In 1889…In San Francisco, the Palais Royal Hotel installed the first coin-operated machine that, by about 1940, was known as a "jukebox." In the beginning it was a crude slot-machine apparatus connected to an Edison phonograph which, upon receiving a coin, unlocked the mechanism, allowing the listener to turn a crank that simultaneously wound the spring motor and placed the reproducer's stylus in the starting groove. This was before the time of vacuum tubes, so there was no amplification. The music was heard via one of four listening tubes. Despite its then-high price of a nickel a song, the new contraption took in $1000 in its first six months of operation.
In 1938…Bob Hope and Shirley Ross recorded his future theme song, "Thanks For The Memory," for the soundtrack of the motion picture "The Big Broadcast of 1938."
In 1959…Alan Freed was dismissed from his daily television show, "The Big Beat," over allegations that he accepted money to play certain records. Freed denied any wrongdoing.

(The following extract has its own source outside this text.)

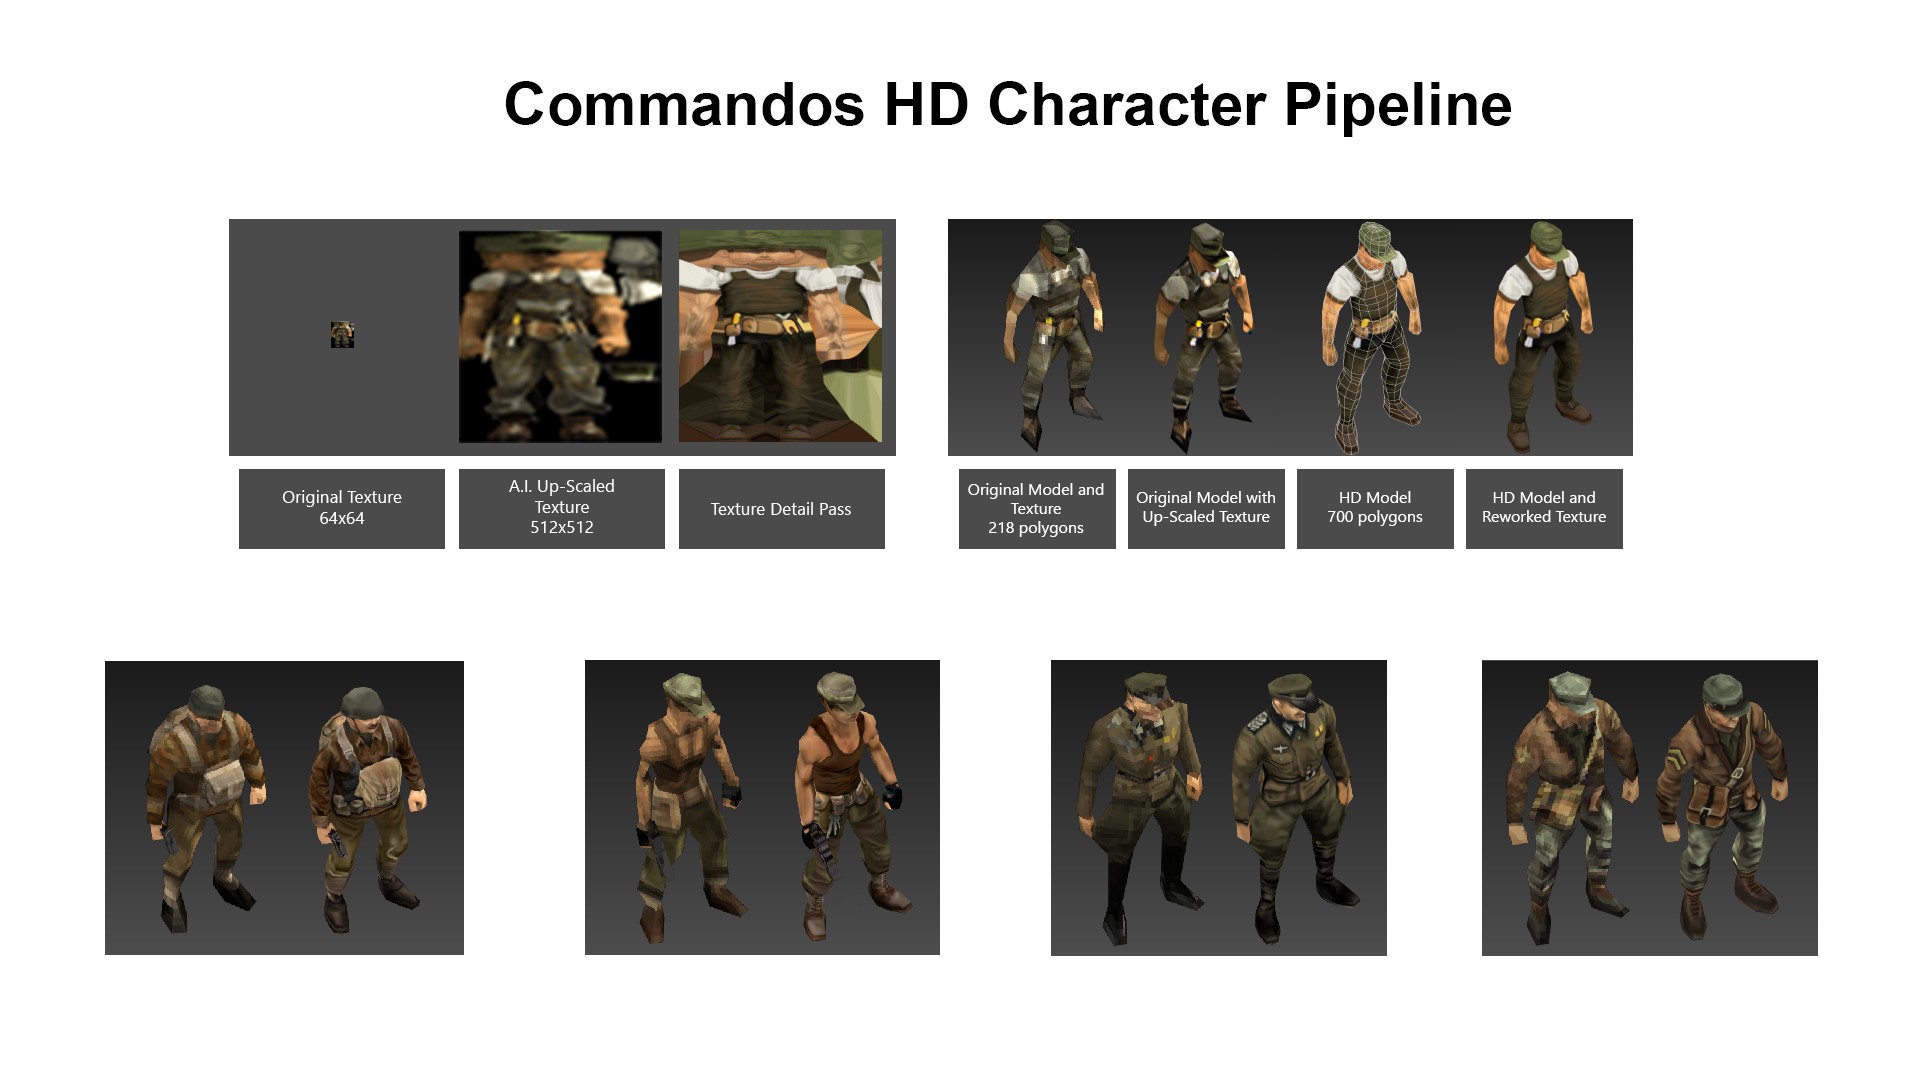 commandos 2 hd remaster

In 1962…The Beatles did a ten-minute audition for BBC Television at St. James' Church Hall in London. Four days later, Brian Epstein received a polite rejection letter from the BBC. They eventually made it on the BBC in 1963.
In 1964…The Rolling Stones were late arriving for the BBC radio shows, "Top Gear" and "Saturday Club" and as a result were banned by the BBC for "unprofessionalism."

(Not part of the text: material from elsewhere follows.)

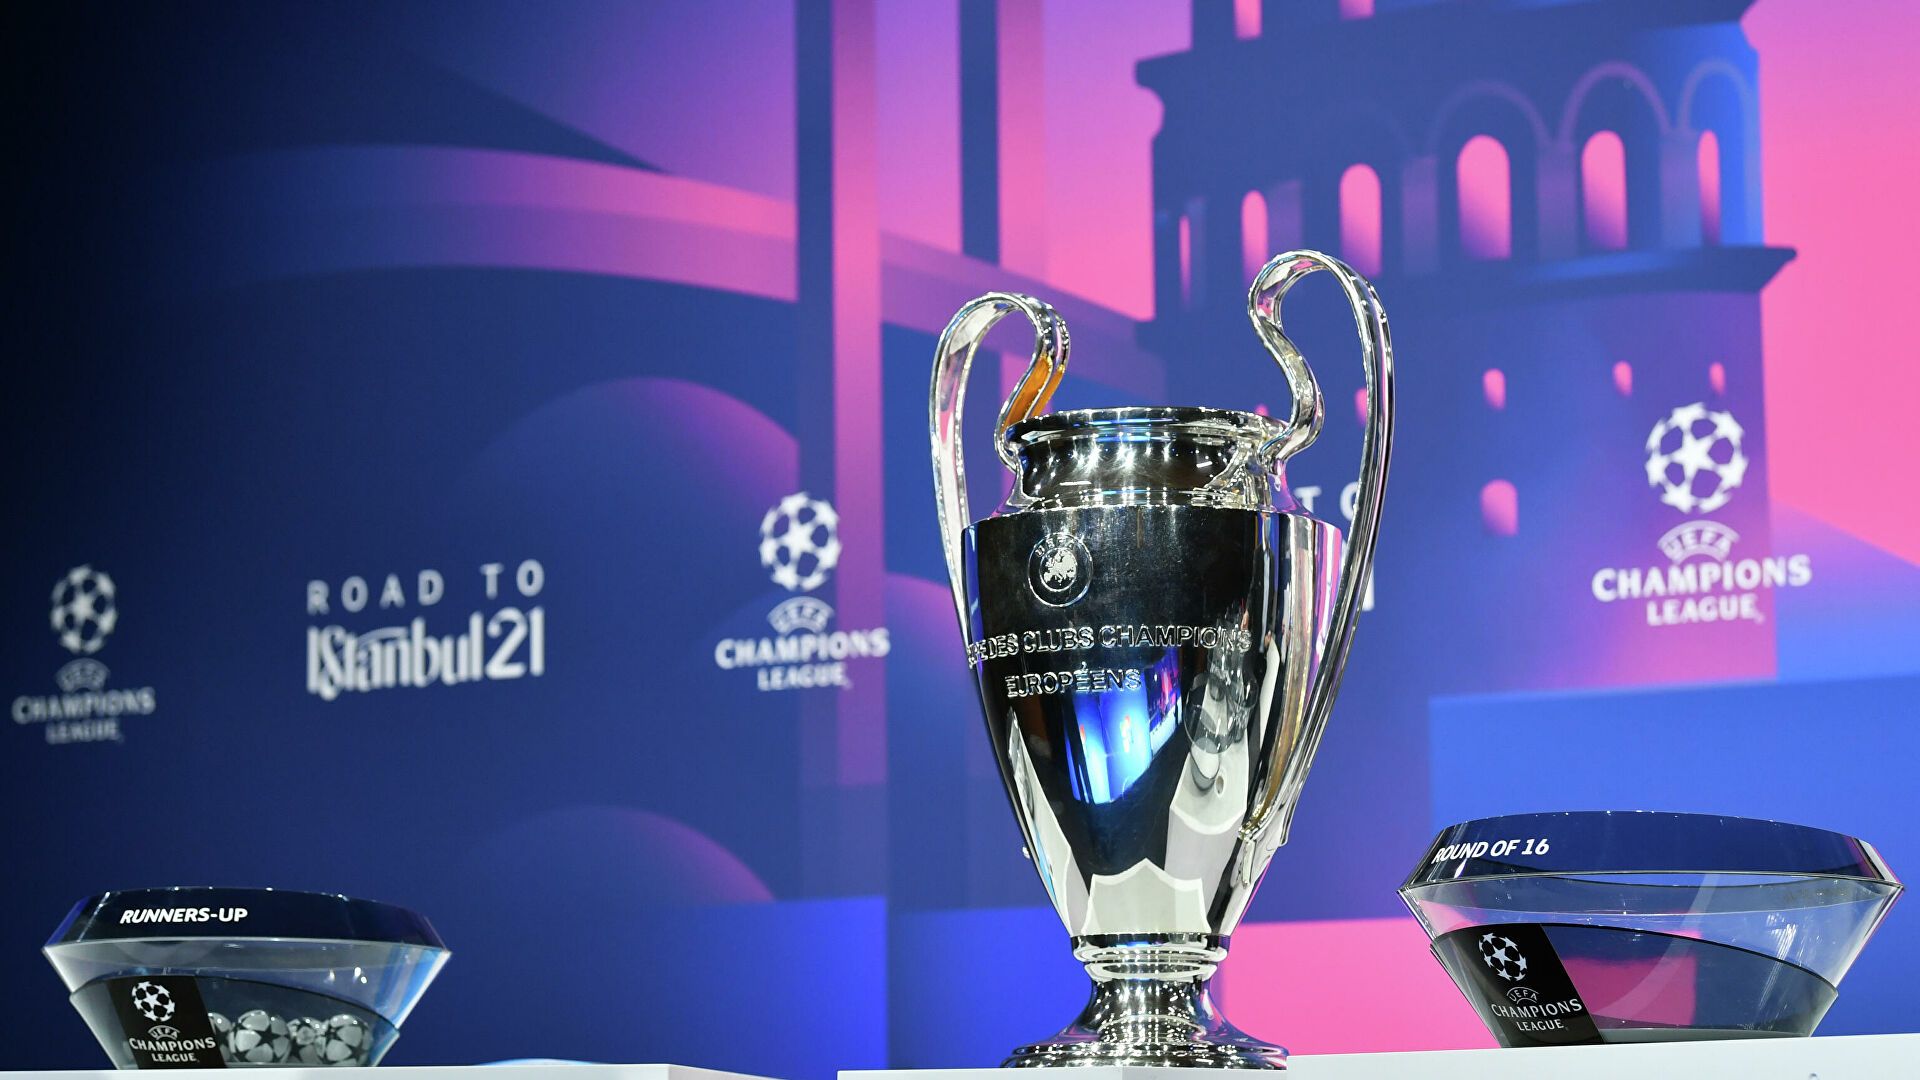 УЕФА обновит логотип Лиги чемпионов перед новым сезоном

In 1967…San Francisco disc jockey Tom Donahue, inventor of "classic rock" and "deep cut" radio, told Rolling Stone magazine, "Top Forty radio, as we know it today and have known it for the last ten years, is dead, and its rotting corpse is stinking up the airwaves."
In 1993….FCC makes C-QUAM AM stereo standard.
In 2004…pioneering sports radio talk show host Pete Franklin died at age 76. Franklin's stops included Cleveland and New York with his last job at KNBR, San Francisco.